CORONA: America's First Satellite Program

CIA Cold War Records

Edited by Kevin Ruffner (1995)

Foreword

Since the CORONA satellite made its first successful flight in August 1960, the Intelligence  Community’s overhead reconnaissance programs have been among the nation’s most closely guarded secrets. The end of the Cold War, however, has at last made it possible to declassify both information  and imagery from the first American satellite systems of the 1960s. To do this, President William  Clinton in February of this year ordered the declassification within 18 months of historical intelligence  imagery from the early satellite systems known as the CORONA, ARGON, and LANYARD.

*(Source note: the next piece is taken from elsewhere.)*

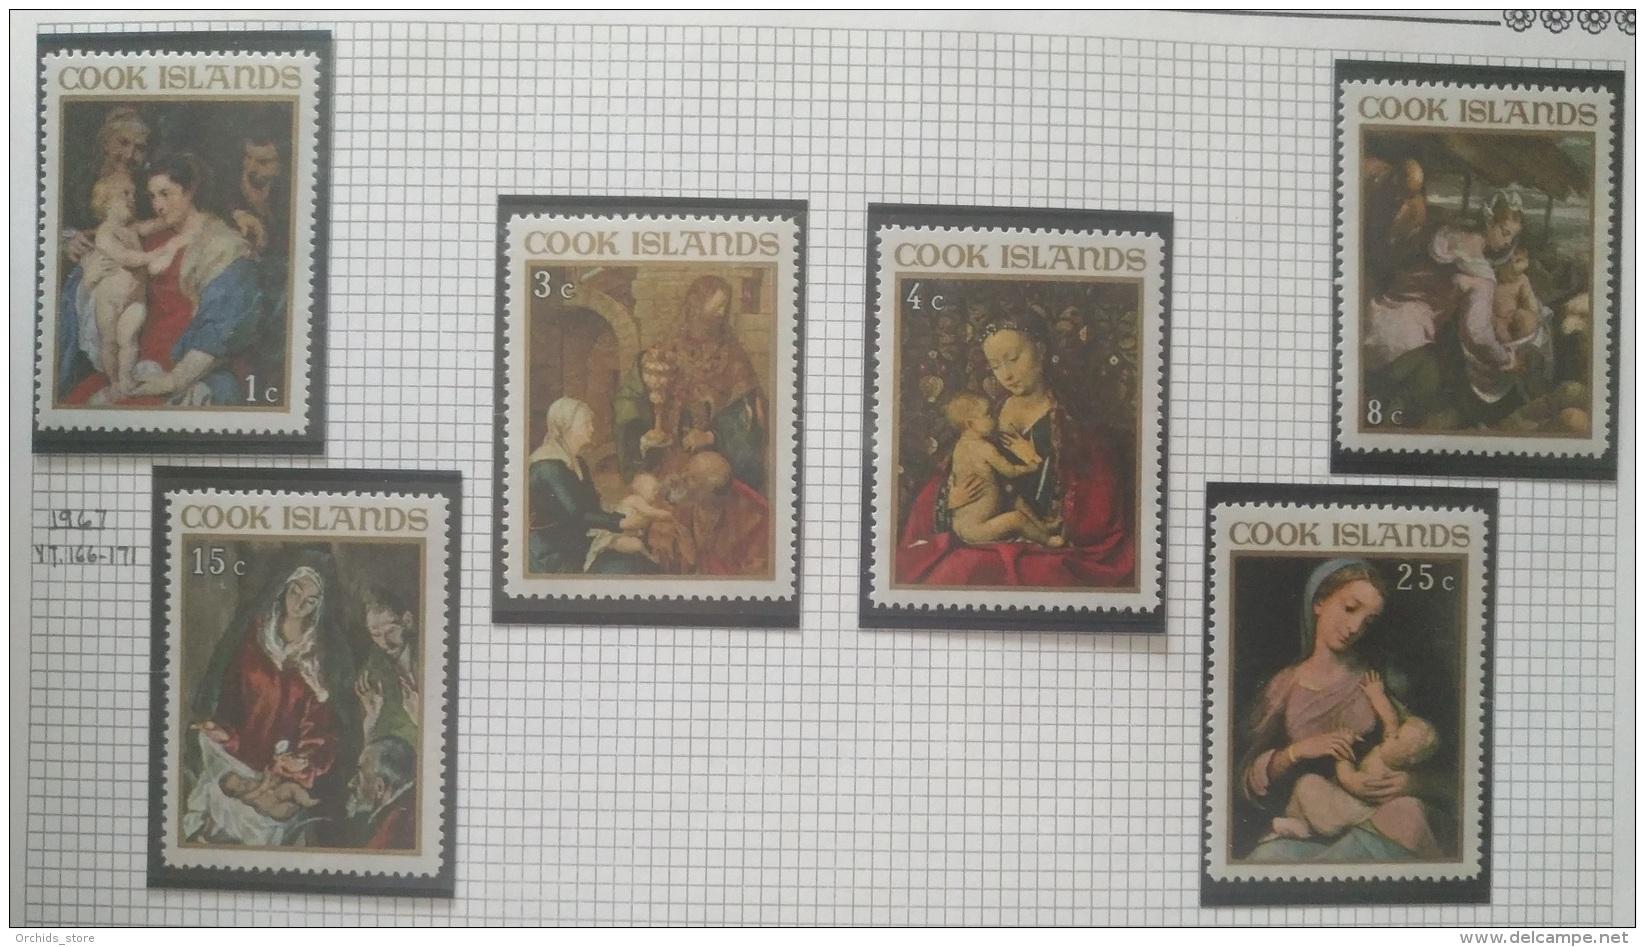 P7 Paintings - Cook Islands 1967 Yv. 166-171 Cplete Set 6v MNH Christmas Rubens Durer Van Eyck Bassano El Greco Antopnio - Cook Islands

Because the President’s Executive Order 1295 1 (see appendix) envisions scientific and environmental uses for this  satellite imagery, the declassified photographs will be transferred to the National Archives with a copy  sent to the US Geological Survey. Vice President Albert Gore, who first urged the Intelligence  Community to open up its early imagery for environmental studies, unveiled the first CORONA  photographs for the American press and public at CIA Headquarters on 24 February 1995.

To mark this new initiative, CIA’s Center for the Study of Intelligence and the Space Policy Institute at  George Washington University cosponsoring a conference, “Piercing the Curtain: CORONA and the Revolution in Intelligence,” in Washington. On the occasion of the conference, the CIA History Staff published this collection of then-newly declassified documents and imagery from the  CORONA program.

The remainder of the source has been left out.